Following the emergence of ChatGPT, the introduction of the Sora model has once again ignited enthusiasm for AI across various industries. In the face of rapidly evolving terminology, the plethora of personal and enterprise applications, and the continuous restructuring of business models, large models can exhibit astonishing capabilities and quickly impact society, which has deeper reasons behind it. At the recent “Yabuli China Entrepreneurs Forum Annual Conference,” Zhang Hongjiang, director of the Academic Advisory Committee of the Zhiyuan Research Institute, delivered a closing speech sharing his eight observations on the development of large model technology.

First, the Core of Breakthroughs in Large Models is Scaling Law

The Transformer architecture, which emerged in 2017, is the technical foundation for breakthroughs in large models. A series of technological innovations represented by this architecture has laid the development path of combining “computing power + data + algorithms” for artificial intelligence, leading AI from the 1.0 era into the 2.0 era. In the future, we will witness AI continuing along this path towards the grand goal of general artificial intelligence. The success of large models is not only a victory of algorithm innovation but also a significant advancement in systematic research.

In the history of large model development, Scaling Law has played a core role, serving as the main driving force for the continuous improvement of model performance.Scaling Law reveals a phenomenon: smaller language models can only solve part of the problems in natural language processing (NLP), but as the model scale increases — with the number of parameters growing to billions or even hundreds of billions — previously challenging problems in the NLP field can often be effectively solved. This law has not only been confirmed by reality but is also expected to continue leading technological breakthroughs in the future.

Eight Observations on Large Model Technology Development

Figure 1 Scaling Law — The Magic of Scale, Taking PaLM as an Example, When the Scale Increases to 540 Billion Parameters, Model Performance Soars

When the model scale is small, performance trends with parameter increases are relatively flat; as the model scale continues to expand and exceeds a certain inflection point, its performance sharply rises with the increase in parameters. This is the emergence of capabilities brought by the expansion of model scale, which is also a crucial reason why researchers have relentlessly pursued increasing model scale over the past few years. Additionally, the scale and quality of data are also critical — researchers should pay attention to the scale of data, and similarly scaled data of high quality will train better models.

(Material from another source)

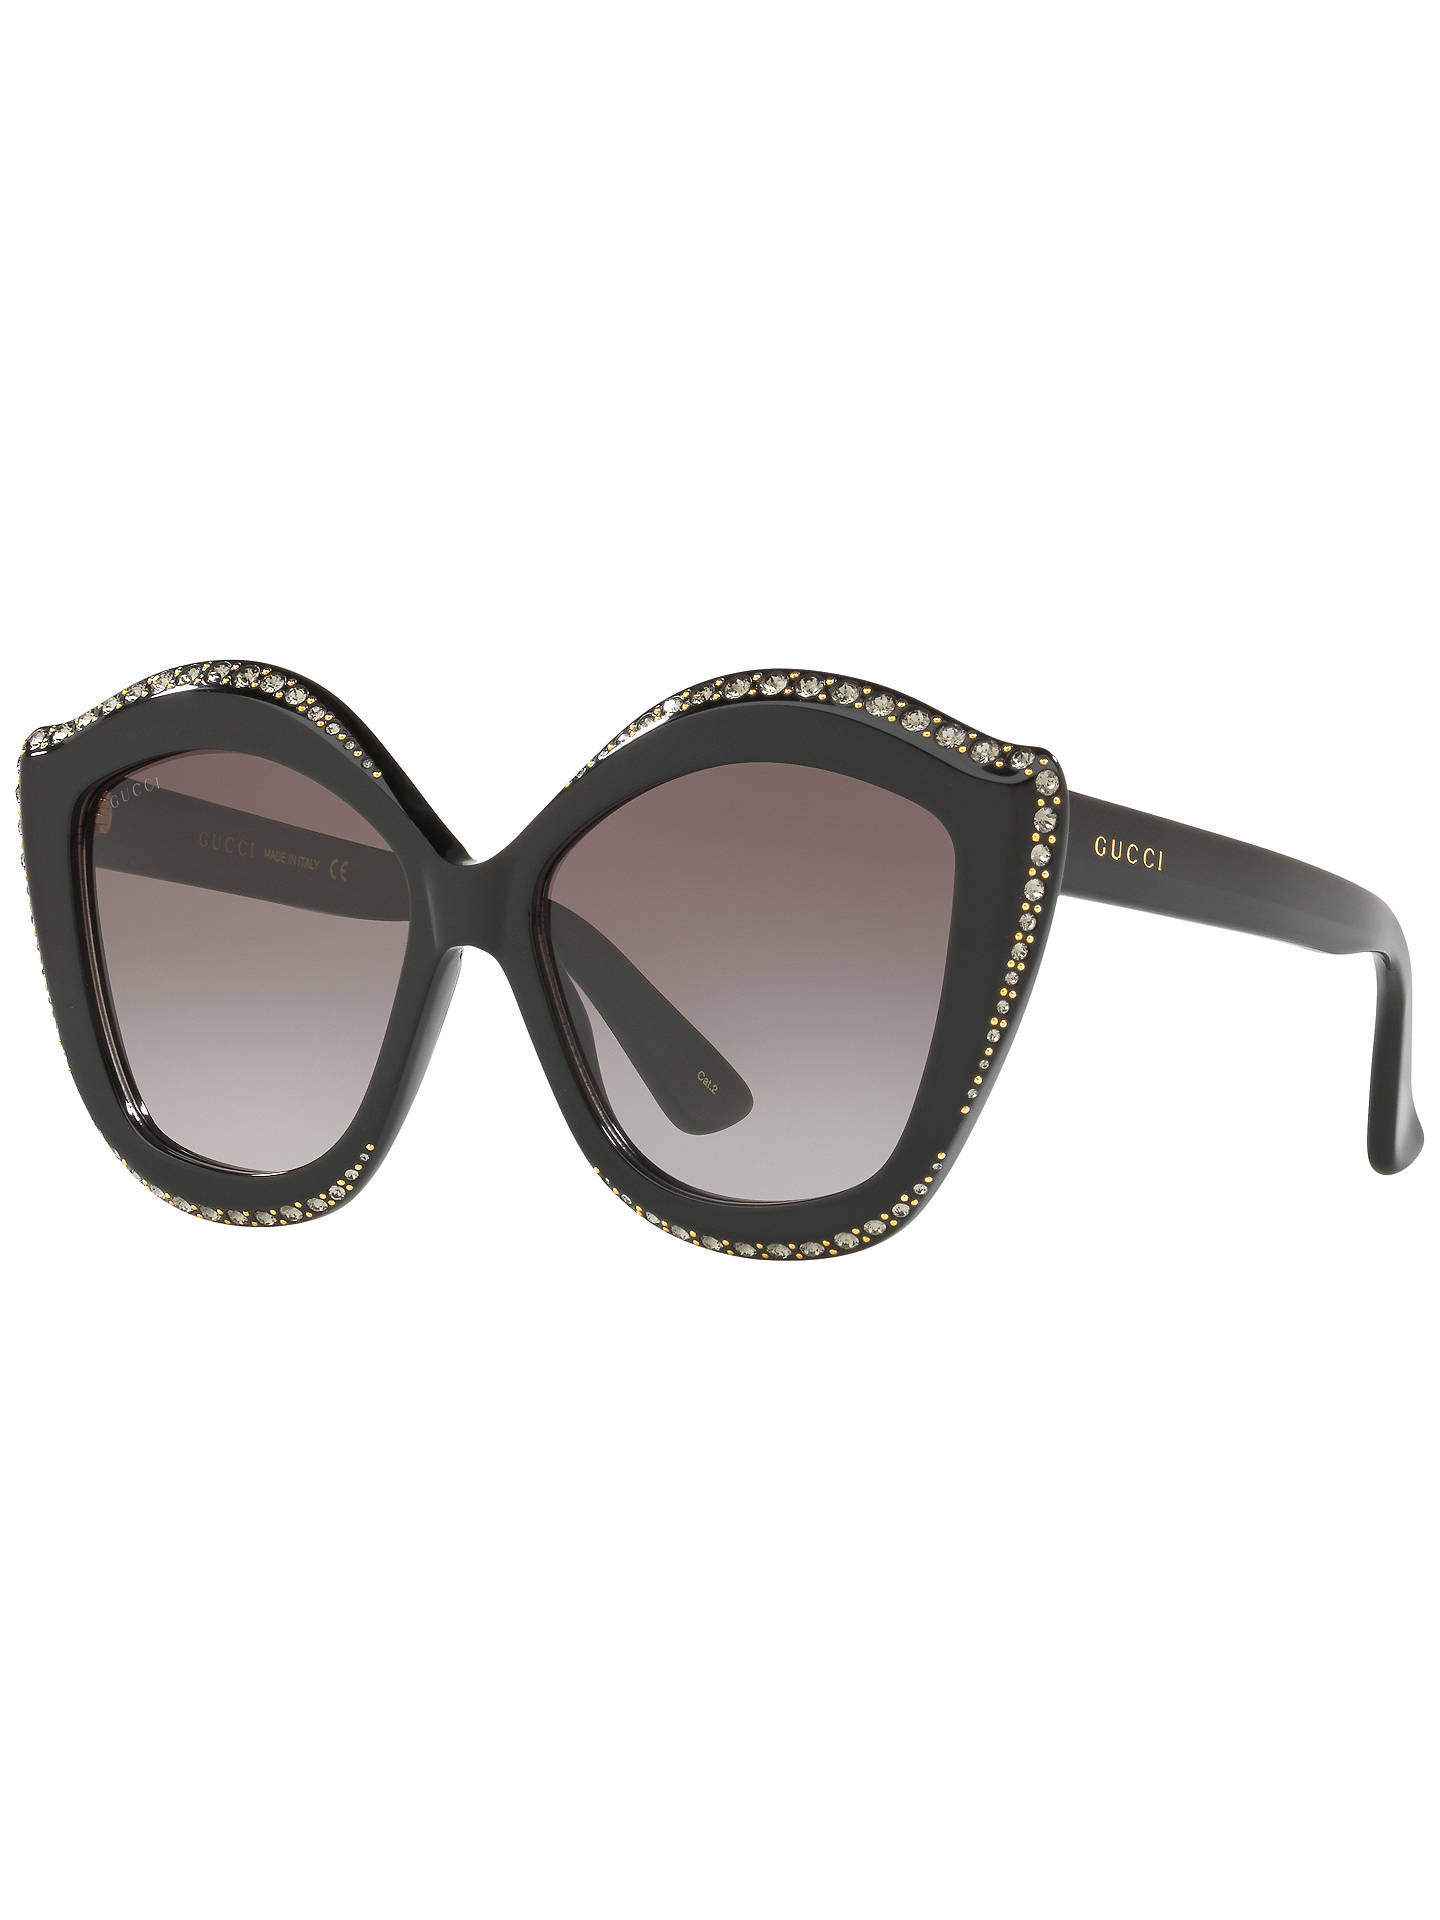 f31ffe8713 Gucci GG0118S Embellished Cat s Eye Sunglasses at John Lewis   Partners

Figure 2 a. As the Model Parameter Scale Increases, Accuracy Expectations Improve. b. Parameter Scale Growth Rate: Doubling Every 4.2 Months Since 2018

Second, Large Models are New Operating Systems and Computing Architectures

In traditional computer usage, humans input data, and computers perform calculations and output results, which constitutes the essence of human-computer interaction. Today’s large models achieve the above functions in a simpler and more convenient way — people no longer need to program or type; they can simply communicate with GPT, and it can execute commands according to their thoughts, indicating that large models have taken on the role of an “operating system.”

As an operating system, the model simplifies the process of calling applications for people. Just as WeChat mini-programs help reduce the process of downloading applications from the App Store, large models even eliminate the need to search for mini-programs. For example, people only need to tell the large model to draw a beautiful scene of Yabuli, and it can produce various angles of beautiful scenery of Yabuli, even generating videos. Therefore, as the application of large models becomes more widespread, the app form may disappear, and even mini-programs may be eliminated.

From another perspective, large models as a new operating system also bring a tremendous shift to the computing architecture, transitioning from a CPU-centric model to a GPU-parallel processing-centric model.This shift in architecture will bring new core technologies and new players. Recently, after Nvidia released its financial report, its stock rose 15%, confirming that the Wintel system of the past CPU era will be replaced by the current large model and GPU system.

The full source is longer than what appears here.